Мне удалось один раз столкнуться с Гуроном. Неприметный, серый сорокалетний мужичок. На первый взгляд – любитель почитать газеты и побродить по музеям и выставкам. Там-то, скорее всего, Виолетта его и встретила. Но если вгрызться зубами в криминальную историю и обстановку в городе, то при виде этого щуплого гражданина по спине будет пробирать холодок. Все, что именуется преступлениями, связанными с суммами десять тысяч долларов и выше, – в компетенции Гурова. По моей информации, когда я еще топтал территорию в качестве следователя прокуратуры, его лет десять назад «закрывал» следак из райотдела на трое суток – «по подозрению в совершении преступления». За банальное вымогательство у чурок на рынке. Естественно, через трое суток его выпустили. Еще через час чурки приехали в райотдел и признались дознавателю, что перепутали гражданина Гурова с кем-то другим, из Смоленска, но отсидка в сырой камере дала небольшой сбой в системе жизнеобеспечения организма мафиозного деятеля, и его притихший на время туберкулез проснулся и не засыпал до сих пор. Вот теперь у него появилась счастливая возможность и рыбку съесть, и на санках покататься. И бабок на Рольфе срубить, и Струге, теперь уже судью – что даже лучше – в дерьмо втоптать. А лучше – сначала втоптать, а потом еще и уничтожить.
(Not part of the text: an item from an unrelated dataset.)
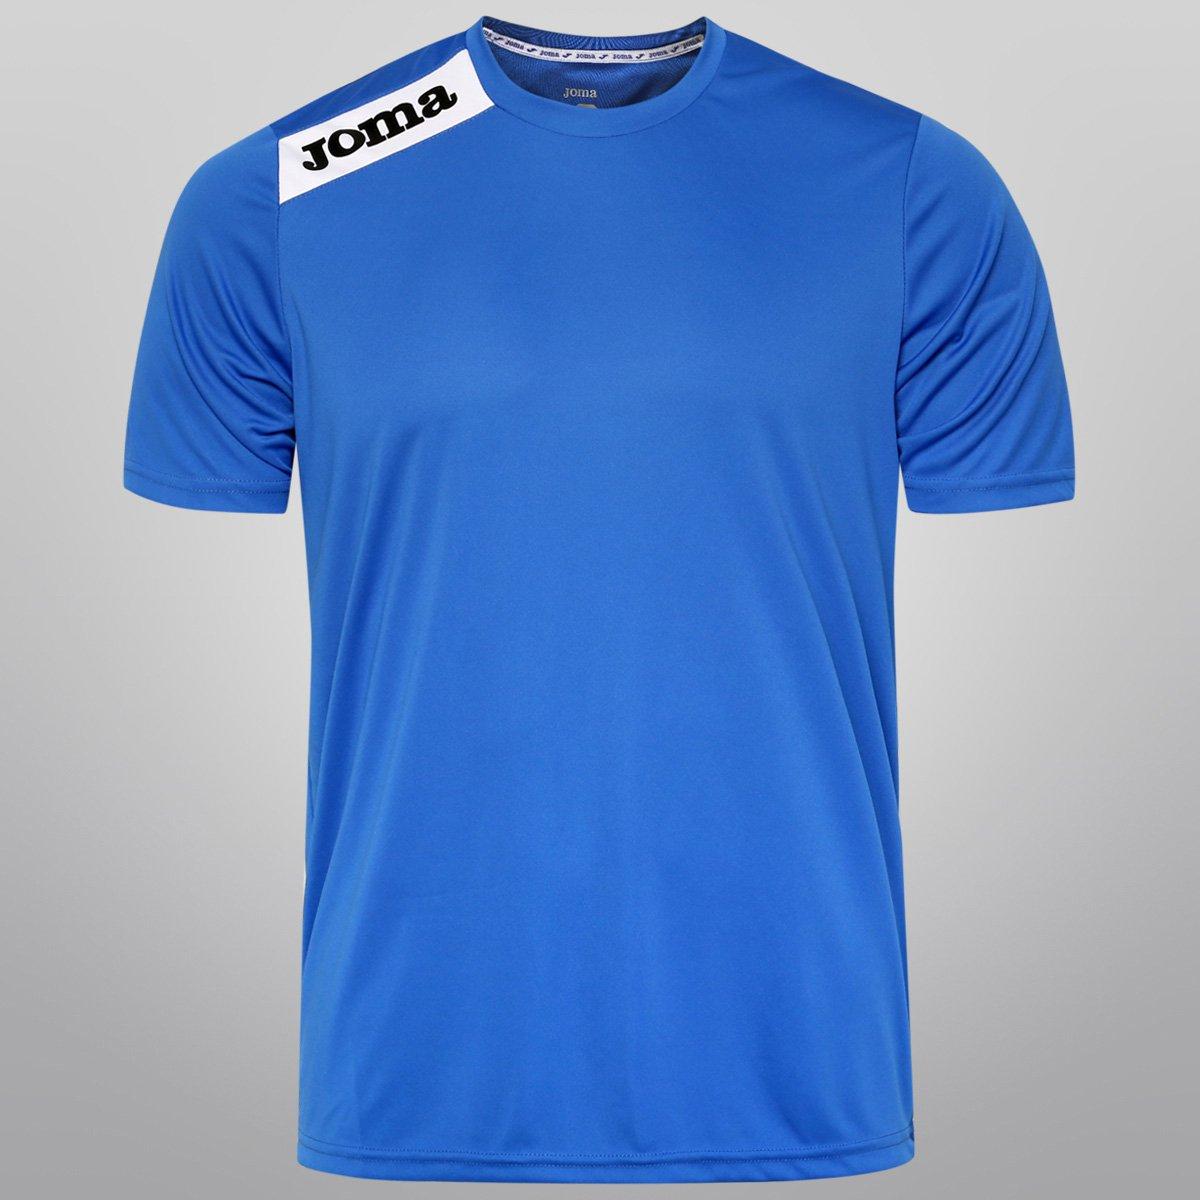 c62f748d29 Camiseta Joma Victory - Compre Agora

Довольно серьезный противник, если учесть сумму, стоящую на кону, и неутихающий туберкулезный кашель.
Теперь другое. Как они на меня вышли? Вопрос, который меня мучает с момента появления в моей жизни Рольфа. Само собой разумеется, не через Вадима Пащенко и не через его брата. Слишком сложная получается комбинация. Вадик поминутно знал мое местонахождение и мог «сдать» меня проще, не впутывая в оказание помощи мне силовиков. Где-нибудь в питомнике.
В питомнике…
По совету Виолы Гурон мог начать поиски Рольфа и, соответственно, меня с кинологических клубов. Где-то должен был я делать псу прививки и лечить, в случае чего, щенка! Вольдемар знал – я не стану этого делать, чтобы не «засветить» собаку, и тогда остается только одно. Обойти вниманием питомник УВД он просто не имел права. Гурон – не «заяц». Он думает. Поэтому еще живет и до сих пор не «заказан». Зато «заказан» сейчас другой человек. Я.
Так, с этим все ясно. Теперь нужны подробности.
Загнав «Мазду» в темноту двора одного из домов, я стал приводить в чувство уже начинающего привыкать к своему состоянию водителя… черт его знает, водителя чего! У них тут целый трамвайно-троллейбусный парк!
«Нарзана» в машине не было. Нашатыря в аптечке я не нашел, но обнаружил там вату. В некоторых случаях она может его заменять. Даю бесплатный совет из числа «полезных». Хотя, если вам приходилось будить мертвецки пьяного преступника на предмет получения объяснений, вам это не нужно. Чиркнув зажигалкой, я поджег вату, подождал, пока она разгорится, потушил и сразу сунул под нос парню, предварительно закрыв ему ладонью рот. Если вы этого никогда не делали, проделайте на себе.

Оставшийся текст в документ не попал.